Conductor Jodie Burford, who rushed to the aid of passengers, recalled seeing a hole
in the train and bodies on top of each other.
"It was like I had gone to some other planet," she said.
Minutes earlier, Ms Burford had been serving customers in the buffet as Mr Lidster
drove the train towards a crossing near Kerang.
Mr Lidster told the inquest in Bendigo he noticed a semi-trailer travelling too fast
to stop.
"I thought: 'There's nothing I can do now'," he said in a statement tendered at the
inquest.
"I was focused on the truck. I knew he wasn't going to hit the engine.
"I was hoping that he was going to miss the train. I didn't feel a lot, I heard the
noise.
"I looked back and I could see the second carriage on an angle.
"After I stopped, I didn't realise the full extent. I knew the truck hit me."
At the inquest on Wednesday, he choked up as he described running to the back of the
train.
"A bloke came towards me. He informed me the people in the third carriage were
dead," he said.
Mr Lidster said he saw a horrific scene of people covered in blood, debris and dust.
Giving her evidence, Ms Burford said she became aware something was wrong when her
food display was sprayed with debris.
"The carriage was filling up with dust and it was rocking. It was getting worse and
I thought the car was going to roll and that the fridge was going to crush me," she
said.
She then walked towards the back of the carriage, passing two men lying on top of
each other.
"It was here that I looked up and saw the hole in the train," she said.

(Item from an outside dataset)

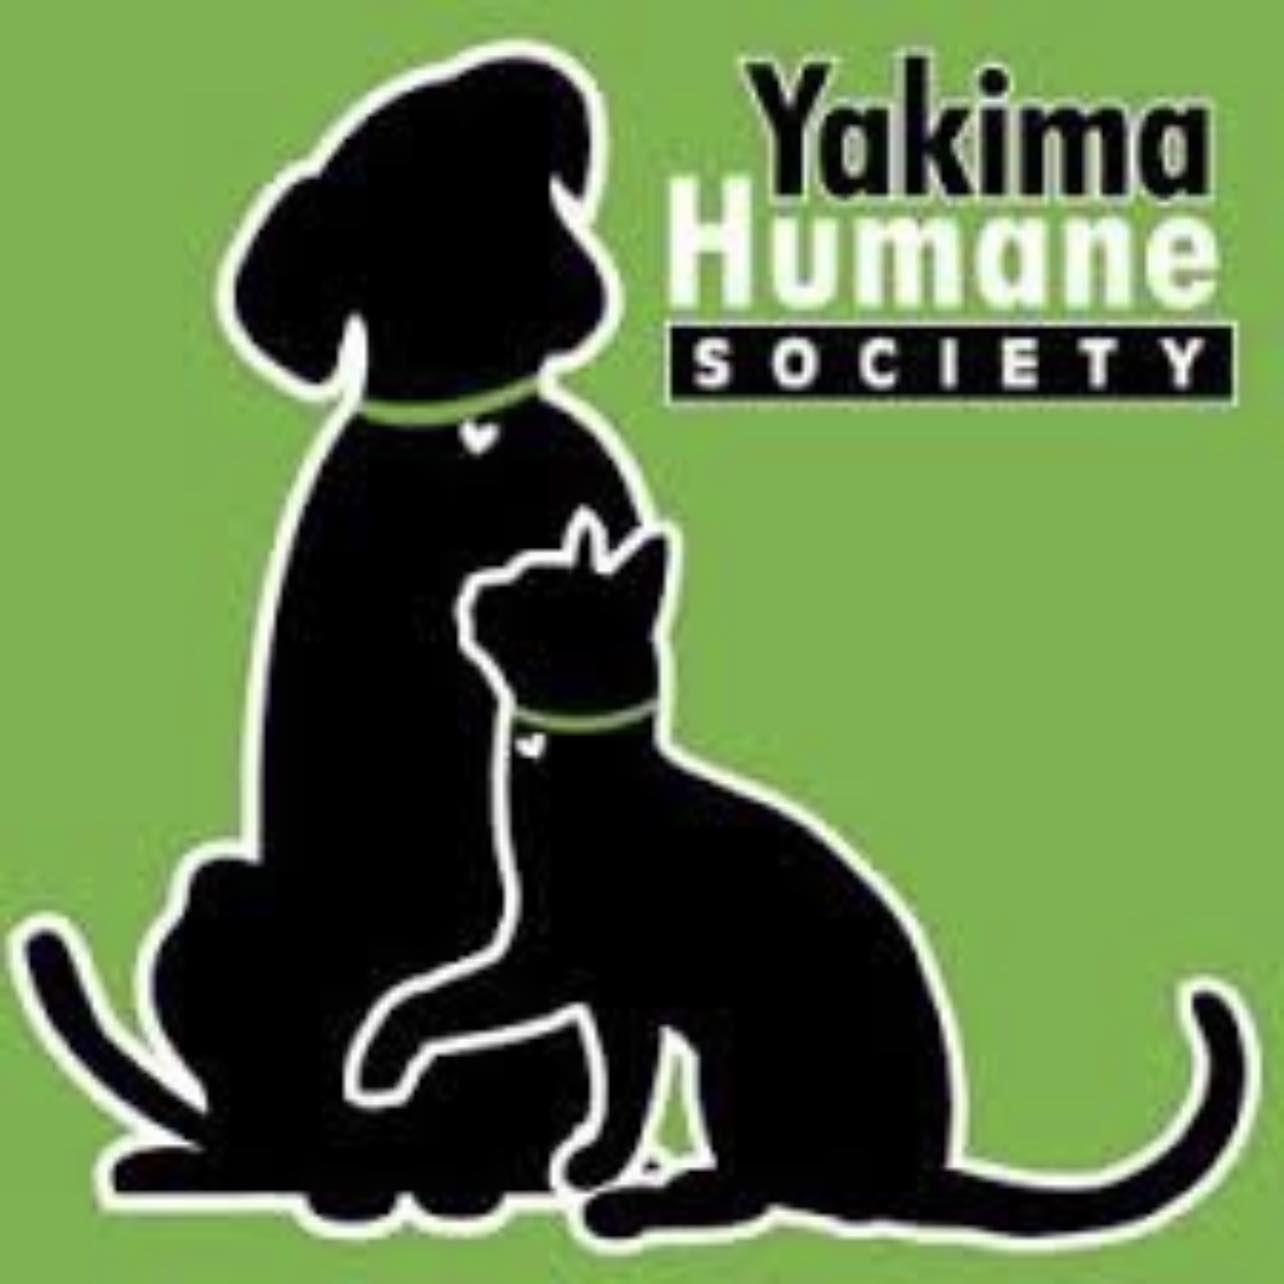 Yakima Humane Society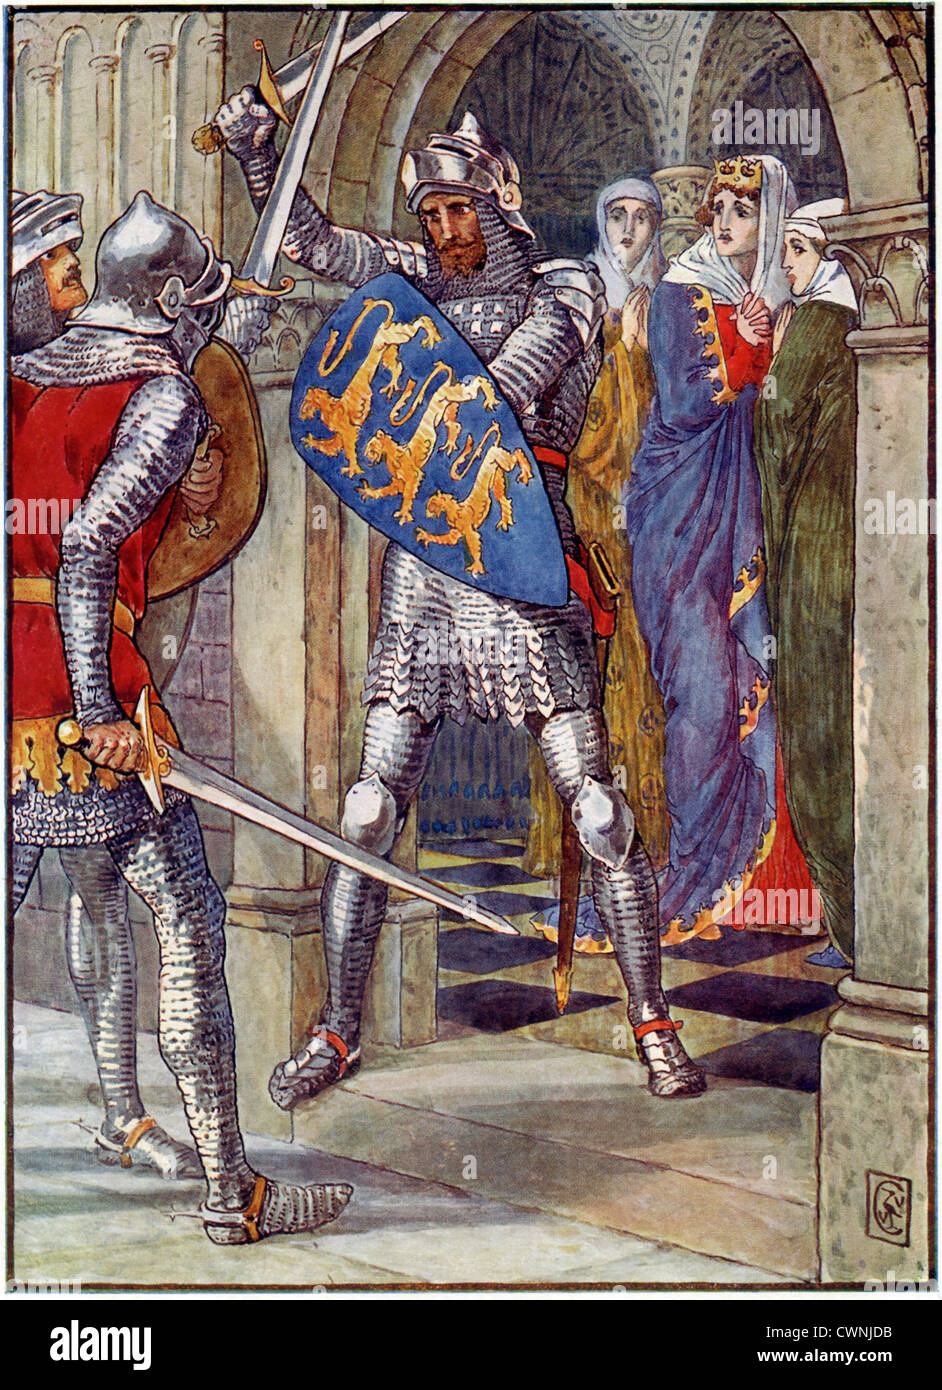 Sir Lancelot sauve la reine Guenièvre de Mador qui ont accusé la reine de trahison dans la mort de son frère par pomme empoisonnée. Banque D'Images

"I just couldn't believe what I (was seeing). There were people screaming, bodies on
top of each other."
Ms Burford said she struggles to understand why doctors from Kerang did not attend
the scene.
"I was very angry, it just doesn't make sense to me," she said.
Earlier, Coroner Jane Hendtlass said her thoughts were with all the people in Kerang
affected by the current floods.
She said some witnesses had been unable to attend Wednesday's inquest because of the
floods.
A minute's silence was held in court in memory of the 11 people, aged between five
and 83, who died in the level crossing accident.
The inquest continues on Thursday.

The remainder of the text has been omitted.